EJERCICICIO Y GRASA LOCALIZADA (III Parte)

En las dos entregas anteriores se analizaron los diferentes artículos que apoyan o no la reducción de grasa localizada. La evidencia hasta la fecha es mucho mayor a que tal reducción no es posible y que la pérdida de tejido graso obedece a otros factores cuando se realiza ejercicio físico.

 

Imagen 1. Mayor evidencia sobre la imposibilidad de reducción de grasa localizada.

Uno de los mayores problemas que presenta la reducción de grasa localizada es la re-esterificación de la grasa al interior del adipocito. Hay que tener en cuenta que el adipocito (célula que almacena la grasa corporal) vacía su depósito graso en forma de glicerol y ácidos grasos cuando le llega una señal hormonal con el ejercicio y su posterior ejecución y cuando cesa esta señal y mediada por otras señales hormonales principalmente va a volver a completar sus depósitos.
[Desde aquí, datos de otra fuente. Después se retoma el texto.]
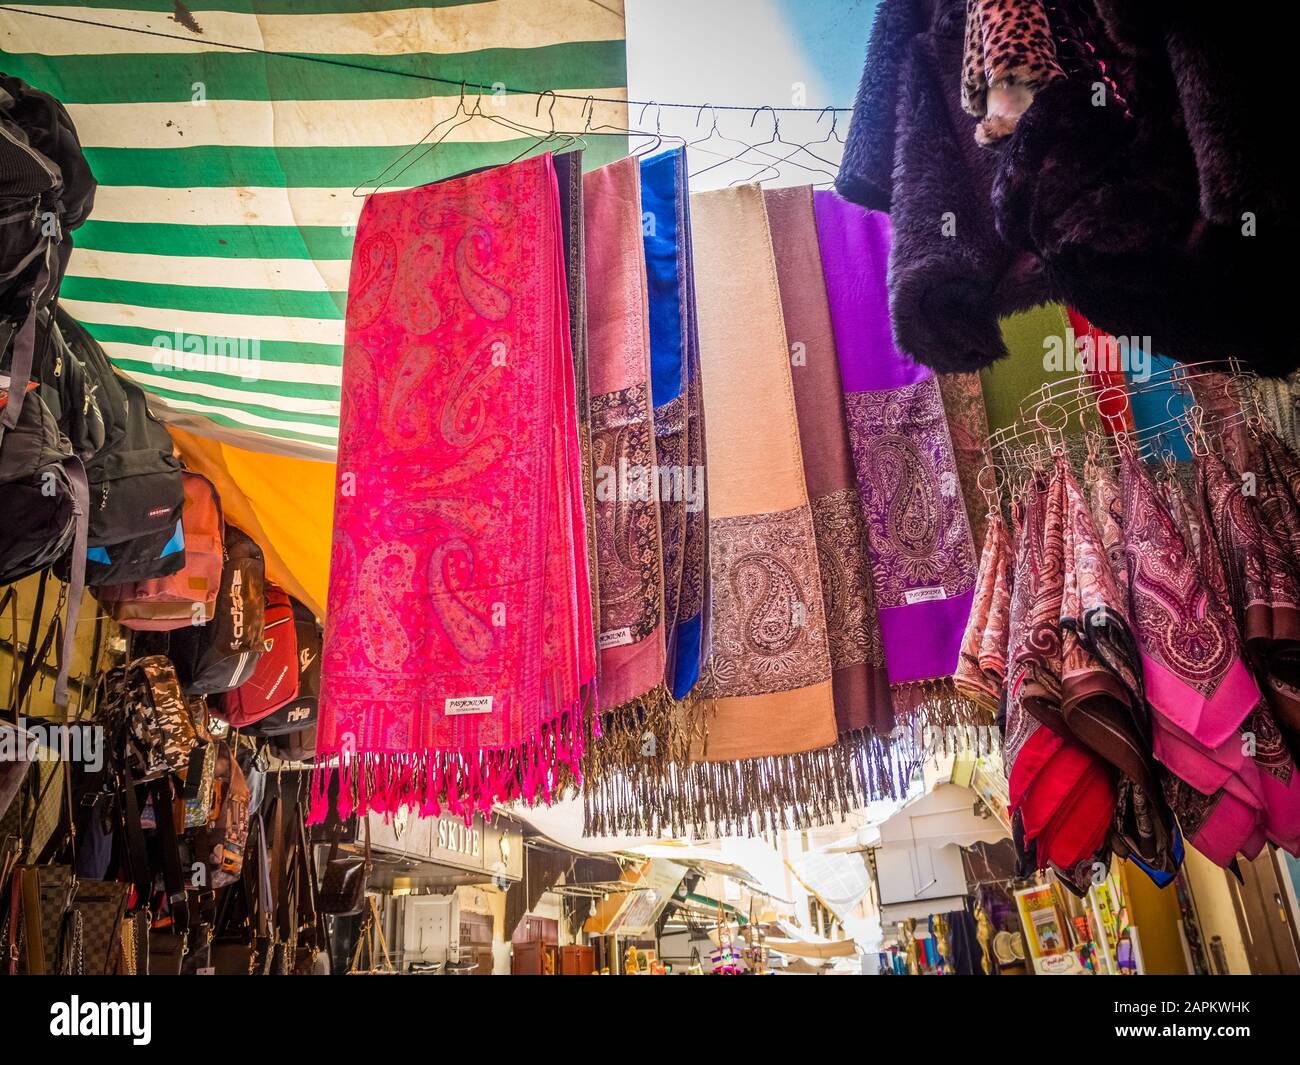 Foulards traditionnels marocains colorés et des châles à Fes, Maroc  également connu sous le nom de touareg shesh (turban). Des tissus faits à  la main. Fez Souk marché foulards Photo Stock -

Gran parte de la grasa que vierte el adipocito a la sangre volverá a ser almacenada, ya que no se oxida en la fibra muscular.

Una de la soluciones puede ser intentar oxidar esa grasa circulante mediante el ejercicio que mayor consumo graso genera en términos porcentuales, el ejercicio cardiovascular moderado. Por lo tanto el ejercicio de fuerza que estimule la zona de forma específica puede “bombardear” mediante estímulos hormonales para producir lipólisis (extracción de la grasa de su célula portadora) y llevarla a la fibra muscular para ser oxidada en la beta-oxidación de ácidos grasos (proceso dentro de la fibra muscular donde la grasa produce energía mediante reacción química hasta llegar a dar como resultado CO2 y agua).

Si además de esto, se intenta alejar la zona localizada de la fibra muscular que va a utilizar tal grasa como combustible, se pondrán todos los elementos para evitar que se vuelva a introducir la grasa dentro del adipocito de nuevo. Un razonamiento fisiológico sencillo pero con una propuesta diferente sobre los estudios realizados hasta la fecha.

Con esta idea Scotto di Palumbo y col., (2007) realizaron un estudio sobre 17 mujeres sedentarias con ligero sobrepeso  y una edad media de 31 años. Estas quedan divididas en dos grupos experimentales que realizaran un programa de entrenamiento durante 12 semanas, con 3 sesiones por semana.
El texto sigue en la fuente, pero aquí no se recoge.